Haha. Et bien je sais pas trop !! Je crois que le bouclage de l’album a été plus marquant que sa sortie même. Parce que je bossais comme une folle et que du jour au lendemain, je me suis retrouvée toute perdue, sans rien à faire. Bon, bien sûr, la sortie de l’album a eu son petit lot d’émotions, hein ! Ca fait drôle de le voir comme ça sur les rayons. J’avais même le trac de l’ouvrir. Mais ça passe et les bons vieux réflexes reviennent très vite, genre ça et ça, faut pas le refaire pour le second !!

Dans le même ordre d’idée : comment s’est passée ta première séance de dédicaces? Forte en émotions ?
Ca s’est très bien passé ! J’étais beaucoup plus détendue que je ne l’aurais pensé et, surtout, j’arrive à dessiner ET parler sans stresser ! Les gens étaient aussi très sympathiques. Bref, c’était plutôt un « très agréable moment » plutôt qu’un moment « fort en émotions ». Ce qui n’est pas plus mal, je préfère le zen à l’intense smiley


© Les Humanoïdes Associés / Elvire de Cock


Quels sont tes projets à court et moyen terme?
Eh bien…. Terminer le plus vite possible le second tome de Tir Nan Og. On a plutôt un bon retour sur l’album mais la question récurrente c’est « à quand la suite ? ». Alors ce sera du New York à plein temps encore pendant plusieurs mois !

Peux tu nous parler en deux mots de tes derniers coups de cœur (romans, bd, ciné, musique…) ?
Alors là dernièrement, je me suis enfin procurée le premier album de A Perfect Circle. Et je sens qu’il va bien m’aider dans la réalisation de mes prochaines planches. C’est juste sombre et ambiance comme il faut. Avec un je ne sais quoi d’entraînant et de violent à la fois. Bref, le genre d’album qui charrie un univers bien à lui.
En bouquin, je lis Moon Palace de Paul Auster. Et je sens que ça va faire un Paul Auster de plus que j’aime.
Enfin, mon dernier coup de cœur en BD, c’est Miss Pas Touche de Hubert et Kerascoët.

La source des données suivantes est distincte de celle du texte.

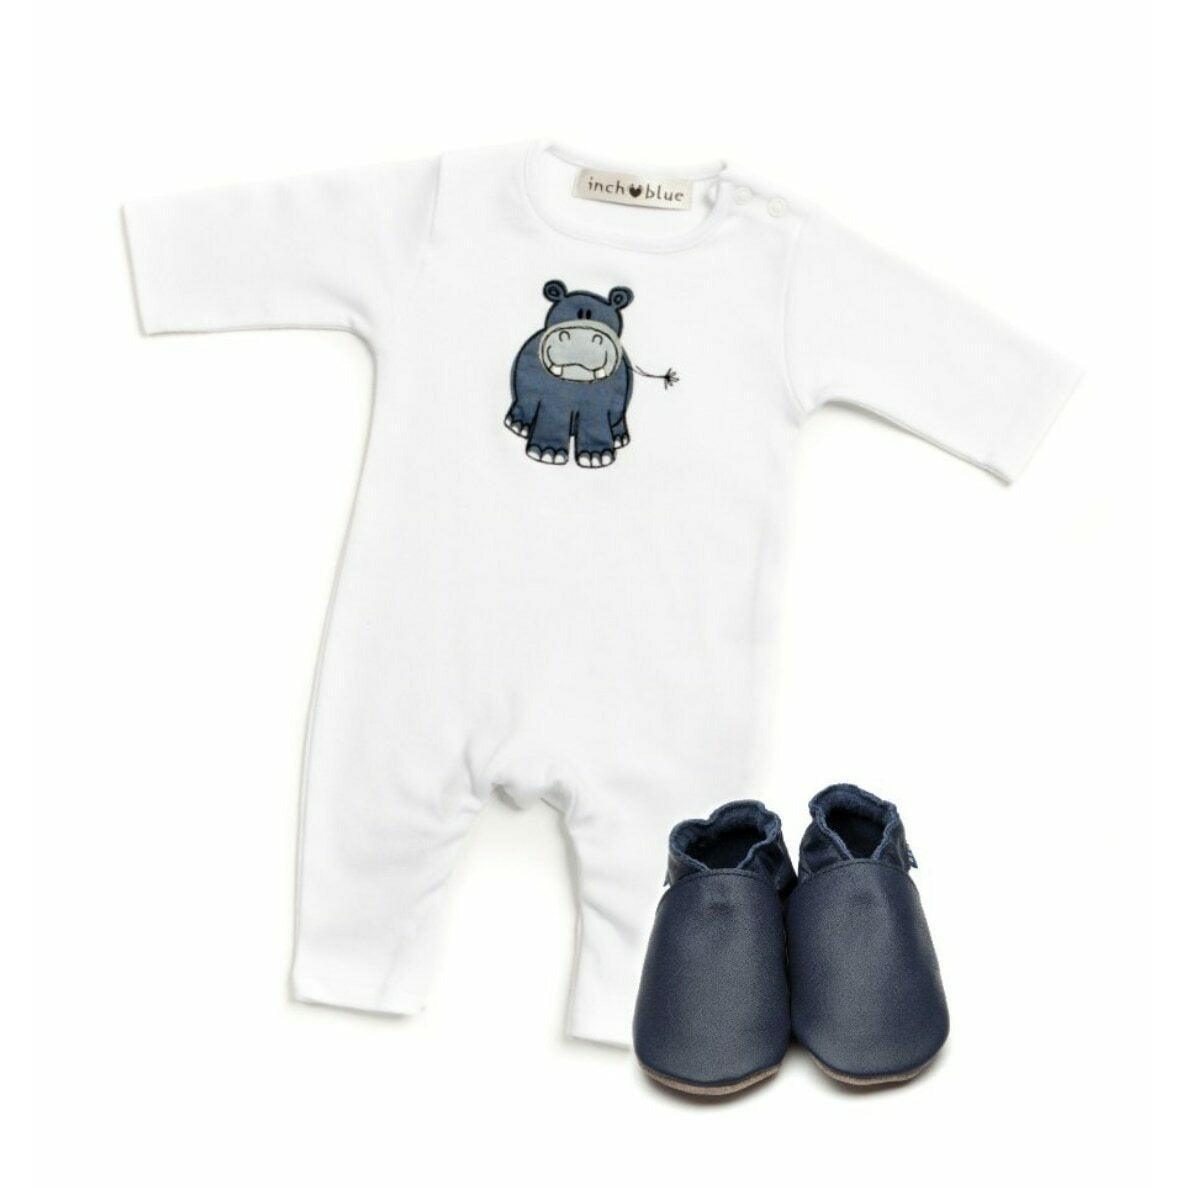 Hippo Gift Set - The Baby Cot Shop, Chelsea

© Les Humanoïdes Associés / Elvire de Cock


Y a-t-il une question que je n’ai pas posé et à laquelle tu souhaiterais néanmoins répondre ?
S’il y en une, je ne vois pas laquelle ! smiley

Pour finir et afin de mieux te connaître, voici un petit portrait chinois à la sauce imaginaire…
Haaa, le questionnaire chinois of Doom ! Bon. On va essayer… même si je ne sais jamais quoi répondre… !


Si tu étais…

une créature mythologique : un faune
un personnage biblique : Je me sens un peu David contre Goliath ces derniers temps…
un personnage de roman : … peut-être un peu du docteur Watson
un personnage historique : Je sèche smiley
un personnage de BD : Lapinot… je crois. En tout cas, je connais plein de Richard. Ca compte ?
un personnage de théâtre: Une Elvire, n’importe laquelle – juste parce que j’aime bien mon prénom
une œuvre humaine: Un pont
un tableau célèbre: Champs de blé avec vol de corbeaux de Van Gogh
un chanteur ou un groupe de musique : aucun – je chante comme une casserole et j’interprète ça comme un Signe.

Un immense merci pour ce long et sympathique entretien!